Based on the Clovis directors’ purported awareness and inaction, plaintiff stockholders brought a derivative action against all nine members of the Clovis board of directors, alleging that the director defendants breached their fiduciary duties by “failing to oversee the Roci clinical trial and then allowing [Clovis] to mislead the market regarding the drug’s efficacy.” Among other claims, plaintiffs alleged that the director defendants breached their fiduciary duty under Caremark through their alleged “actions and inactions” in connection with the Roci clinical trial. The director defendants moved to dismiss plaintiffs’ complaint for failure to make pre-suit demand and failure to adequately allege a Caremark claim. See In re Caremark Int’l Inc. Derivative Litigation, 698 A.2d 959 (Del. Ch. 1996).
In an opinion by Vice Chancellor Joseph R. Slights III, the Delaware Court of Chancery declined to dismiss plaintiffs’ Caremark claim against the director defendants. Before explaining its decision, the court reiterated the disjunctive two-prong Caremark standard, which requires a plaintiff to allege particularized facts that either (1) the directors completely failed to implement any reporting or information system or controls, or (2) having implemented such a system or controls, consciously failed to monitor or oversee its operations thus disabling themselves from being informed of risks or problems requiring their attention. The court first noted that plaintiffs’ allegations did not satisfy the first Caremark prong because the complaint acknowledged that Clovis’s Board Nominating and Corporate Governance Committee was “specifically charged” with general compliance oversight of FDA and federal health care program requirements and that the Clovis board reviewed detailed information concerning the Roci clinical trial at each board meeting. Rather, plaintiffs’ allegations concerned the second Caremark prong, which concerns allegations that a company “implemented an oversight system but the board failed to monitor it.” While the court acknowledged that a board can only ignore red flags that are “waived in one’s face or displayed so that they are visible to the careful observer,” the Delaware Supreme Court’s decision in Marchand v. Barnhill, 212 A.3d 805 (Del. 2019) made clear that “the careful observer is one whose gaze is fixed on the company’s mission critical regulatory issues.” Here, the court found that the Roci clinical trial was “mission critical” for Clovis and that plaintiffs adequately alleged that the directors “consciously ignored red flags that revealed a mission critical failure” to comply with the clinical trial protocol and FDA regulations.

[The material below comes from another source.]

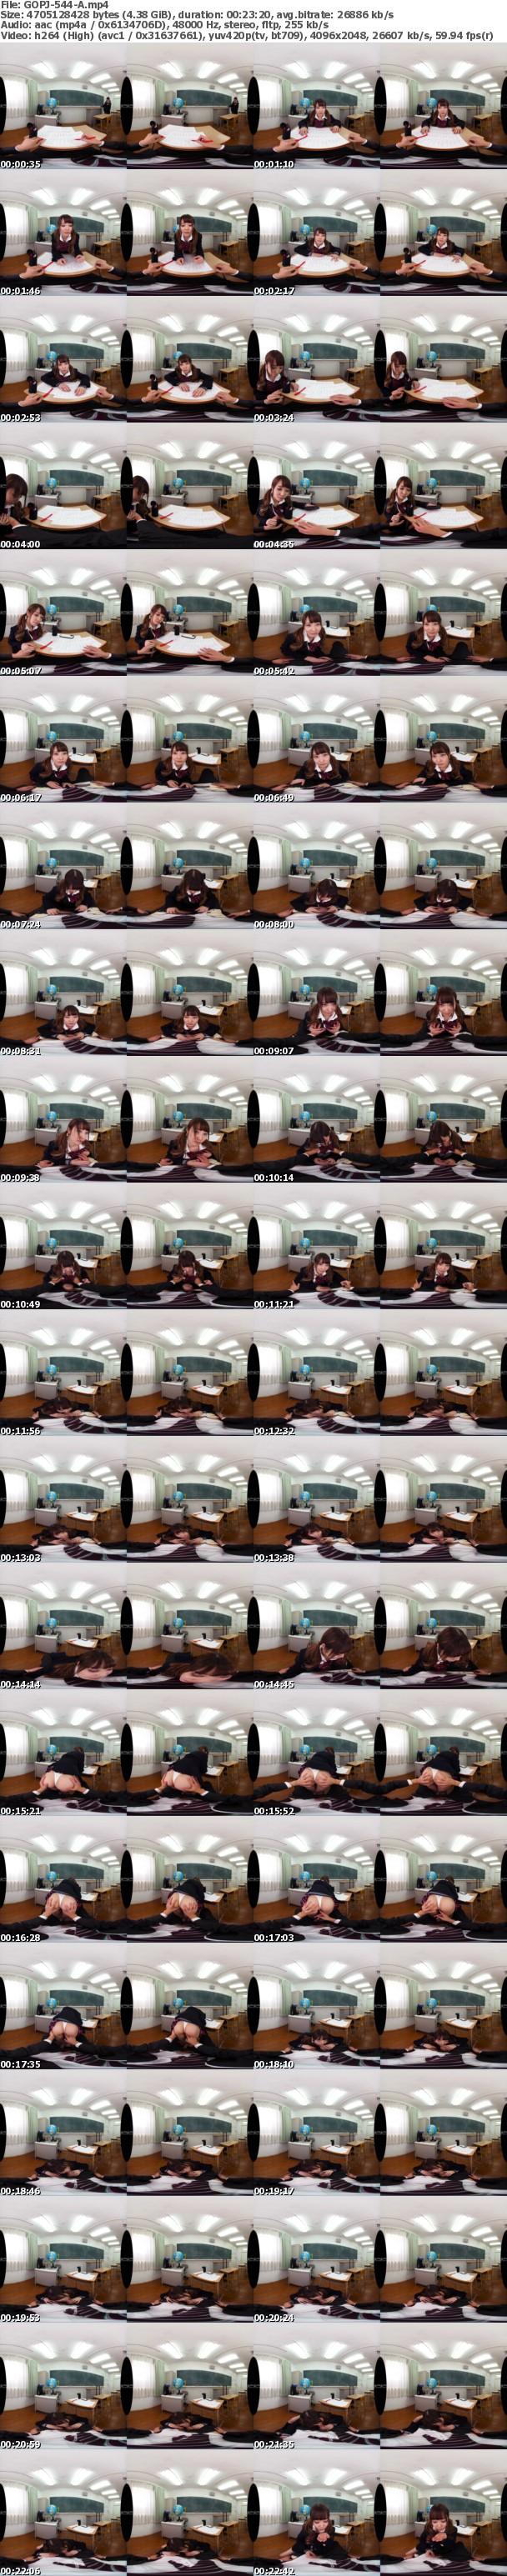 (VR) GOPJ-544 HQ 劇的超高画質 家出制服美少女 先生と私の関係チクられたく無かったら泊めてね! 学校 自宅 電車とヌカれまくり!

While the Clovis opinion does not overturn any established precedent, it provides further insight into how courts evaluate claims against directors, particularly claims concerning whether directors, having implemented a reporting system or controls, consciously failed to monitor or oversee those controls thus disabling themselves from being informed of risks or problems requiring their attention. Although courts often remark that Caremark claims are among the hardest to plead and prove, Clovis demonstrates that courts are willing to permit Caremark claims where a board failed to monitor an existing oversight system designed to oversee “critical” company business operations.